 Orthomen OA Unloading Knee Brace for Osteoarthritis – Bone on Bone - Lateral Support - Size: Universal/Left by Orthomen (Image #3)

_ _ _ _ _ _ _

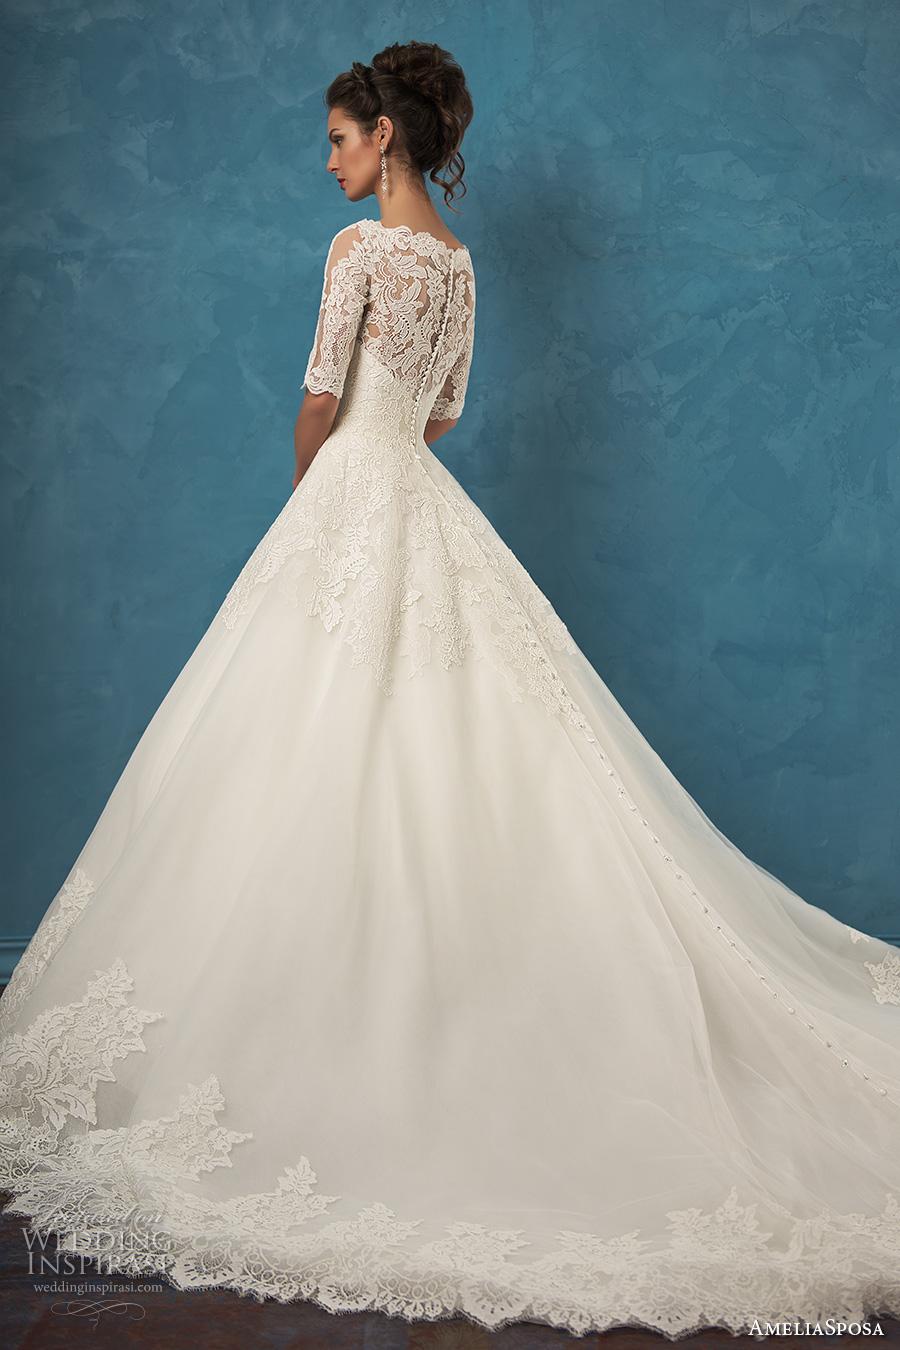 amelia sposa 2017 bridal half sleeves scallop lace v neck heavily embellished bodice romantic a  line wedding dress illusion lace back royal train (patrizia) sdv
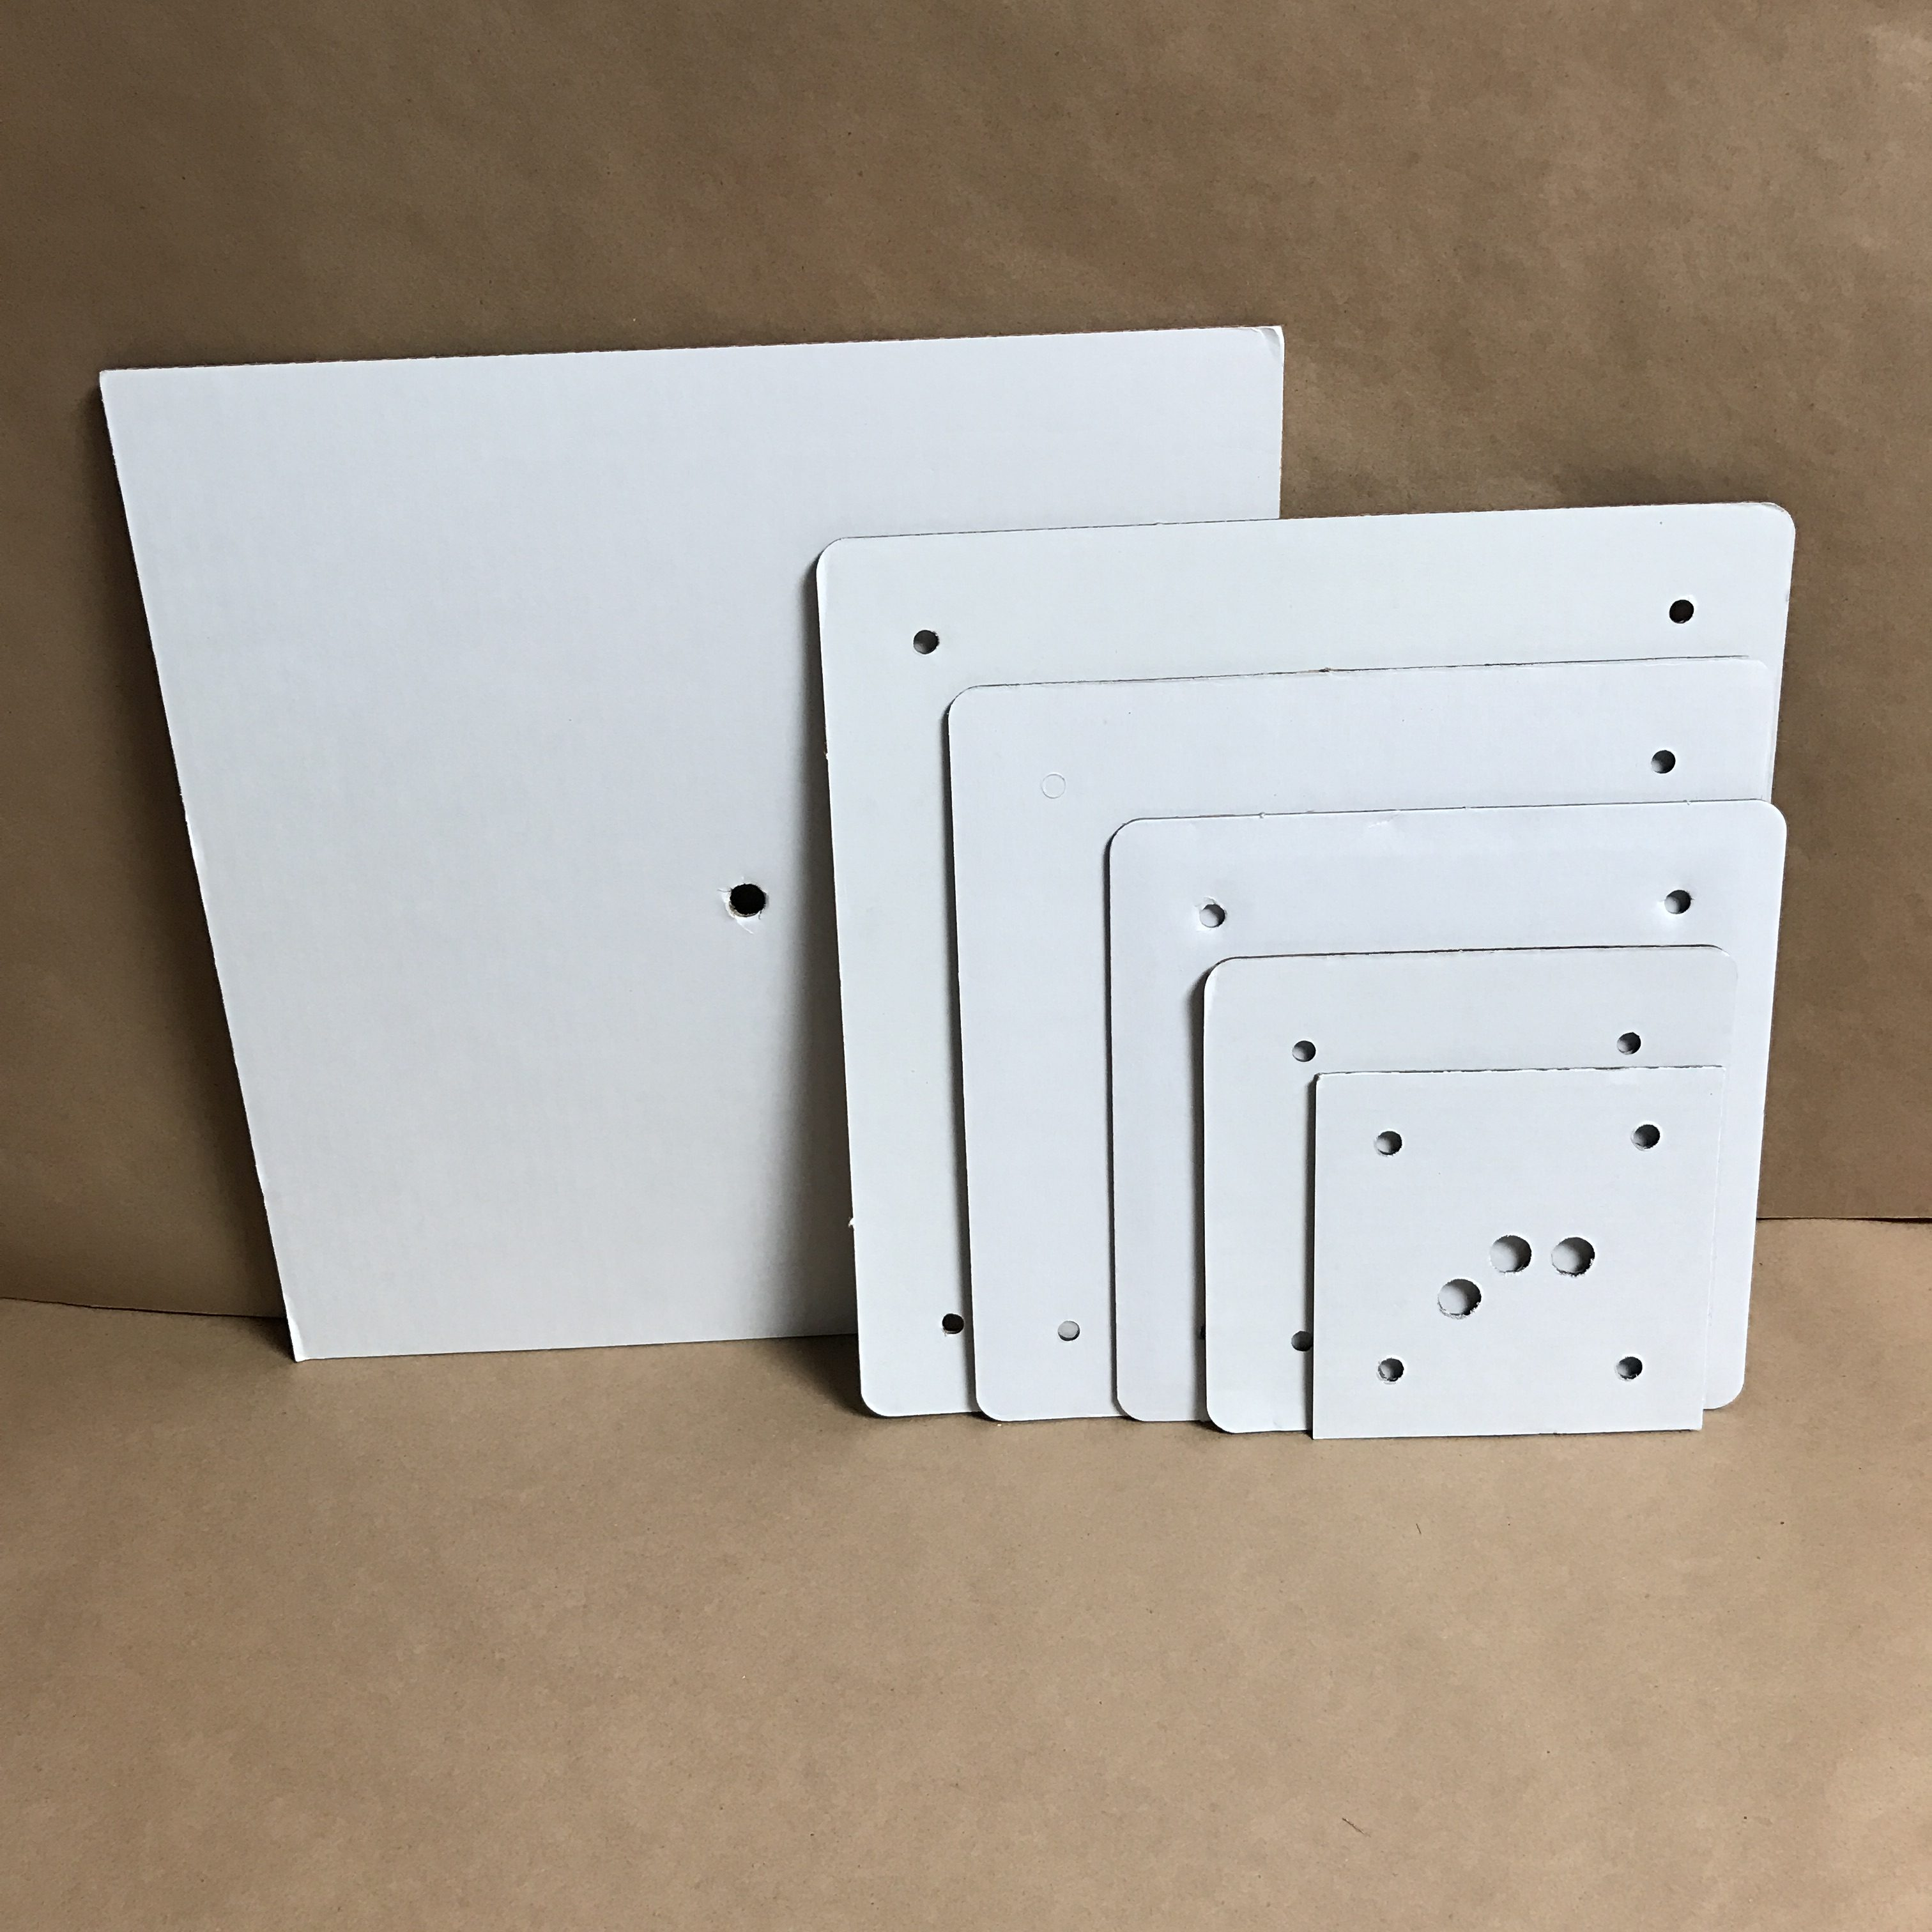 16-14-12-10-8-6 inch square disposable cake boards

_ _ _ _ _ _ _

- Work item -
Every line above in the stretch from the one with "amelia sposa 2017" through the one with "16-14-12-10-8-6 inch square" is to be transcribed exactly, ends included. No picture is copied.

- Solution to this problem -
 amelia sposa 2017 bridal half sleeves scallop lace v neck heavily embellished bodice romantic a  line wedding dress illusion lace back royal train (patrizia) sdv
 16-14-12-10-8-6 inch square disposable cake boards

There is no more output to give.